Think, for example, of the kind of people who drive innovation and dynamism. What are they like?

They put themselves in unfamiliar situations. They are enthusiastic about novelty. Journalist Adam Hochschild once wrote: “When I’m in a country radically different from my own, I notice much more. It is as if I’ve taken a mind-altering drug that allows me to see things I would normally miss. I feel much more alive.”

They have diversive curiosity. Their interests and enthusiasms span many spheres. Nobel laureates are at least 22 times more likely than the average scientists to have a side hobby as a magician, actor, dancer or some other type of performer.

They have social range, a wide variety of friends. In the decades before he published “On the Origin of Species,” Charles Darwin exchanged regular letters with at least 231 scientists in 13 different fields, as varied as economics and biology.

They are able to combine disparate worldviews.
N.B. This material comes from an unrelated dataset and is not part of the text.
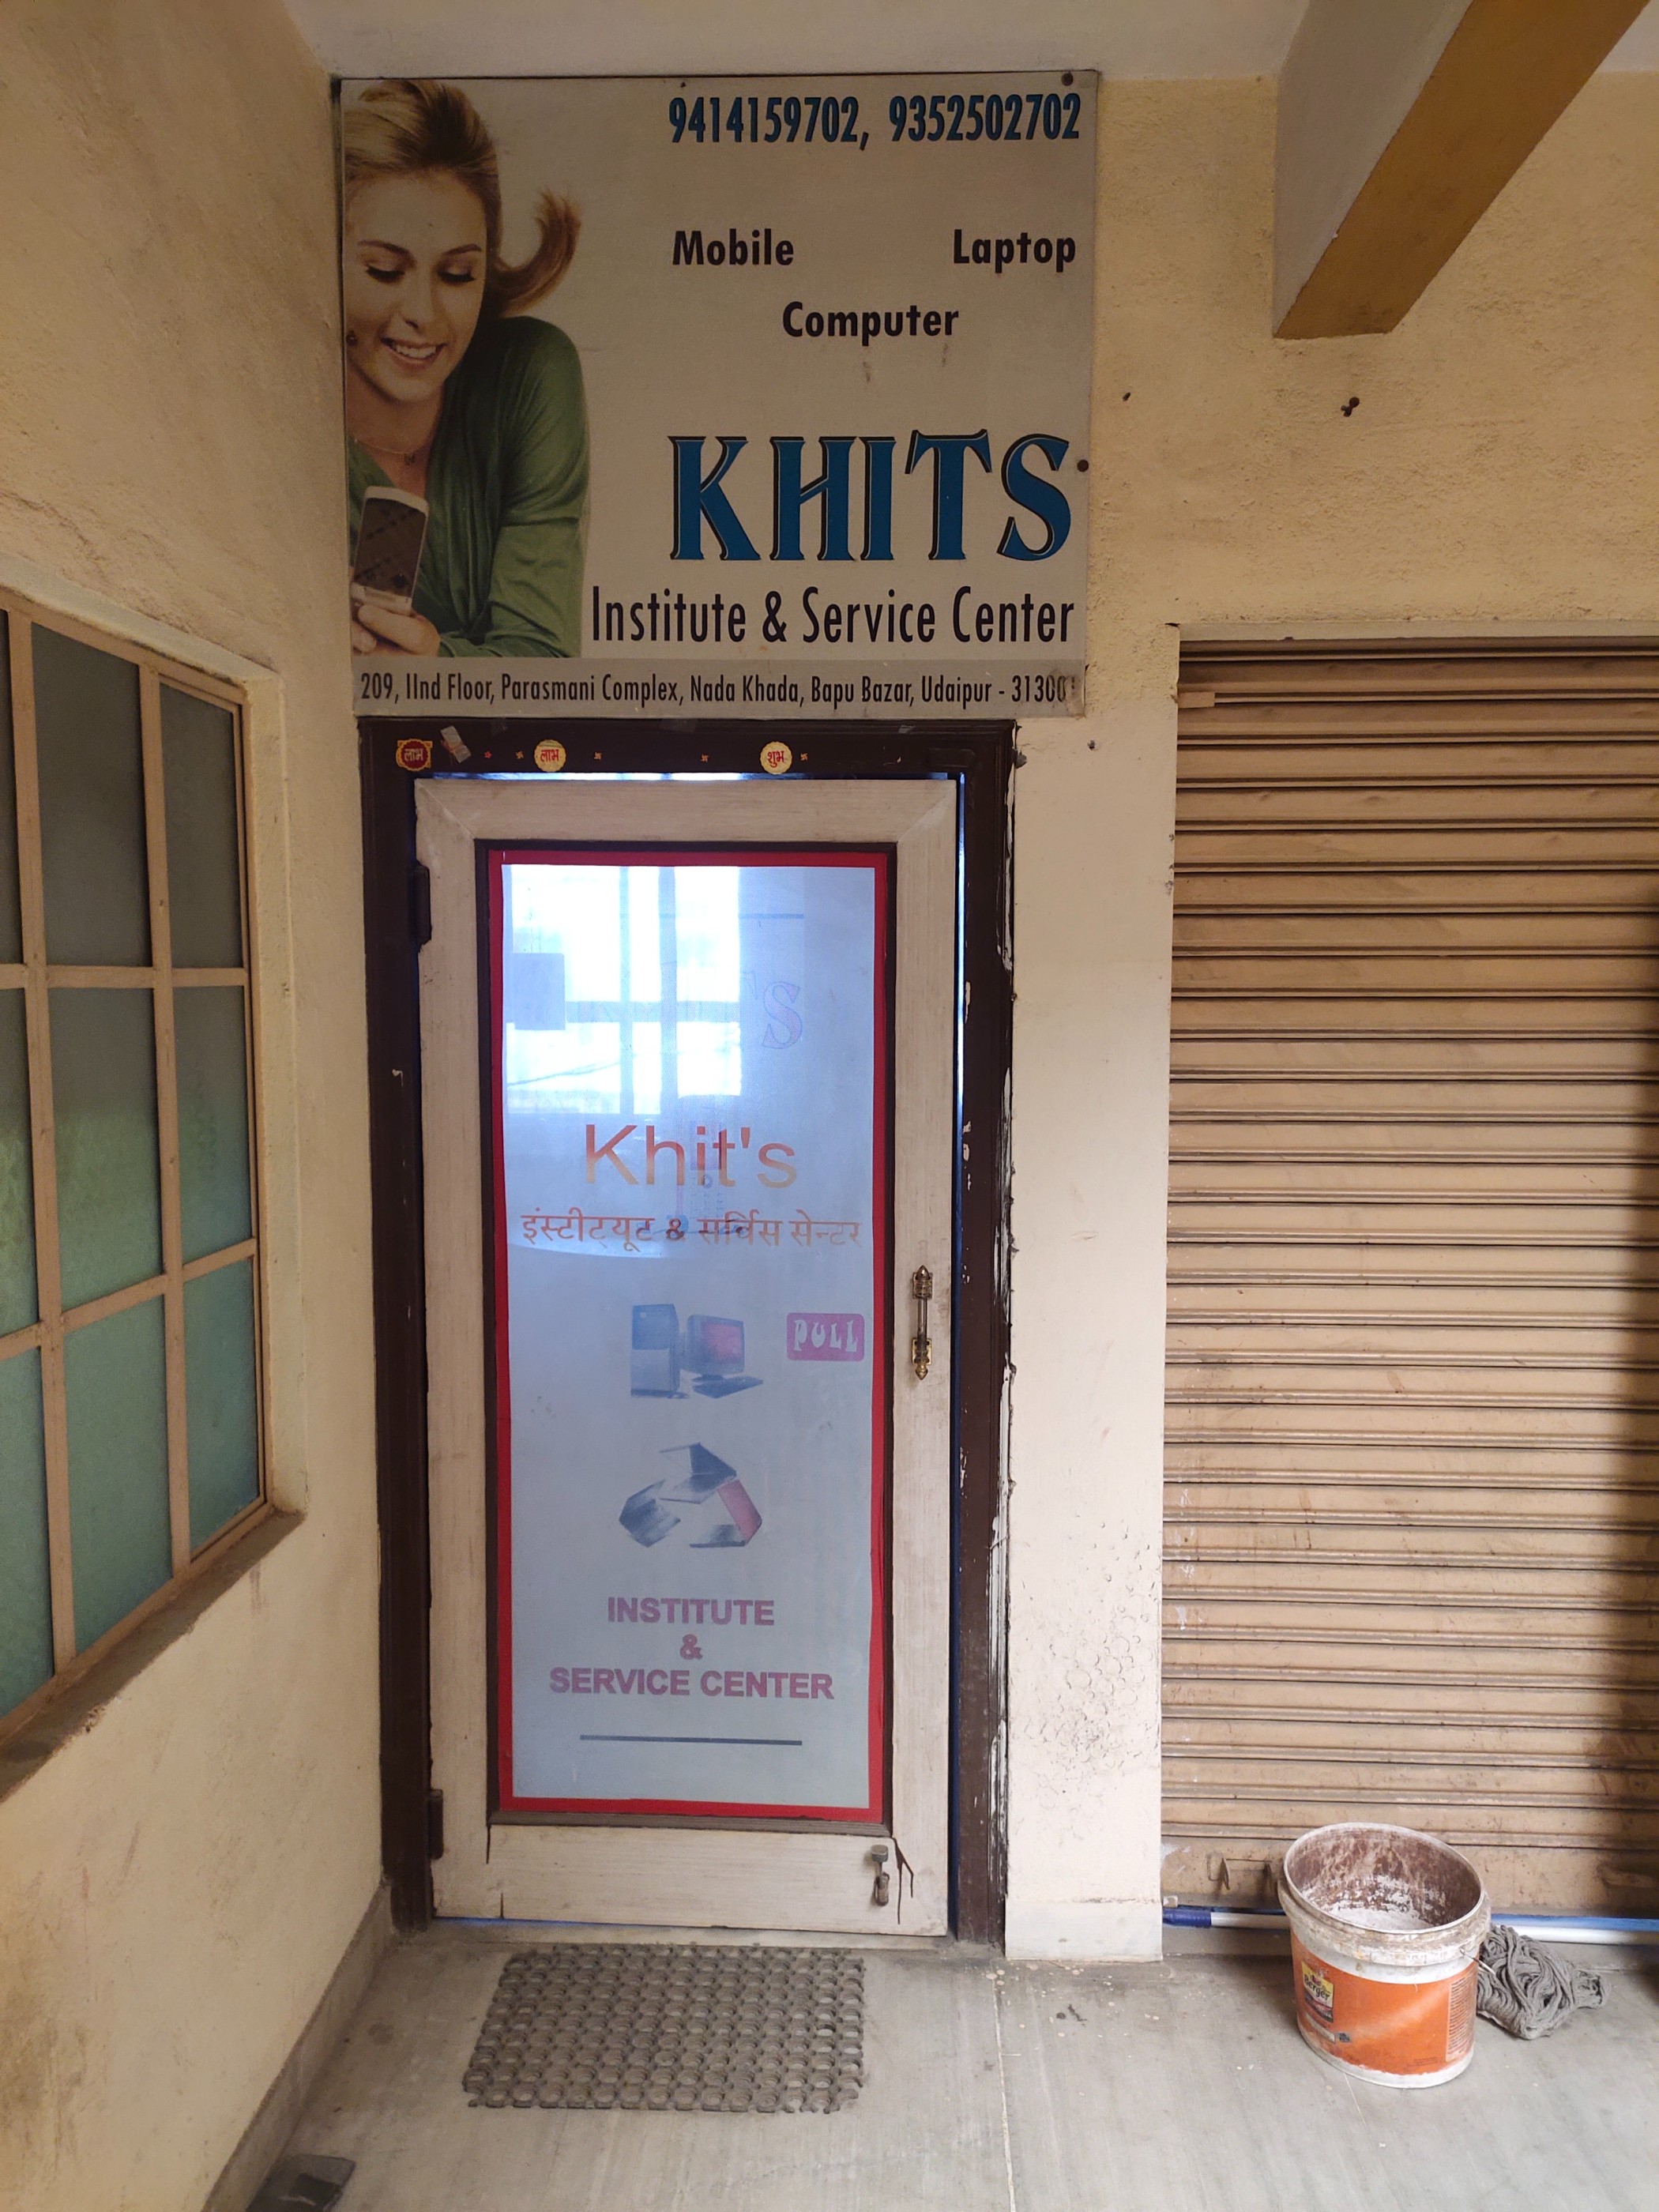 Actual Photos of Khits Mobile Repairing Institute and Service Center, Udaipur, Rajasthan

Creativity often happens when somebody combines two galaxies of ideas. Pablo Picasso combined Western portraiture with African masks. Johannes Gutenberg combined woodblock engraving, coin-making and the wine press to create his printing press.

They are driven toward continual growth. They seek to expand their interests and attachments, to engage in continual self-improvement. You can spot such people because they have gone through different chapters. Always learning, they have shifted their interests and worldviews over the years, torn down one way of making meaning and built up something new. Ralph Waldo Emerson was onto something when he wrote, “Not in his goals but in his transitions man is great.”

There’s a name for the values and posture I’m describing here: cosmopolitanism. The cosmopolitan has roots in one town and one nation but treasures and learns from many other national streams. In a phrase I’ve used here before, her life is a series of daring explorations from a secure base.

Sometimes it seems like the 21st century has witnessed one attack after another upon cosmopolitanism; from 9/11 onward. Leader after leader appeals to fear of impurity and threat. This mean world vibe not only reduces contact between peoples, but it squelches the venturesomeness that has been America’s best defining trait. Trump called Wednesday Liberation Day, but Stagnation Day might be more like it.

If America is still America, these tariffs will represent the turning point of the Trump presidency. People will be outraged by the useless economic pain they are causing; and, more subtly, revolted by the cowardly values they represent.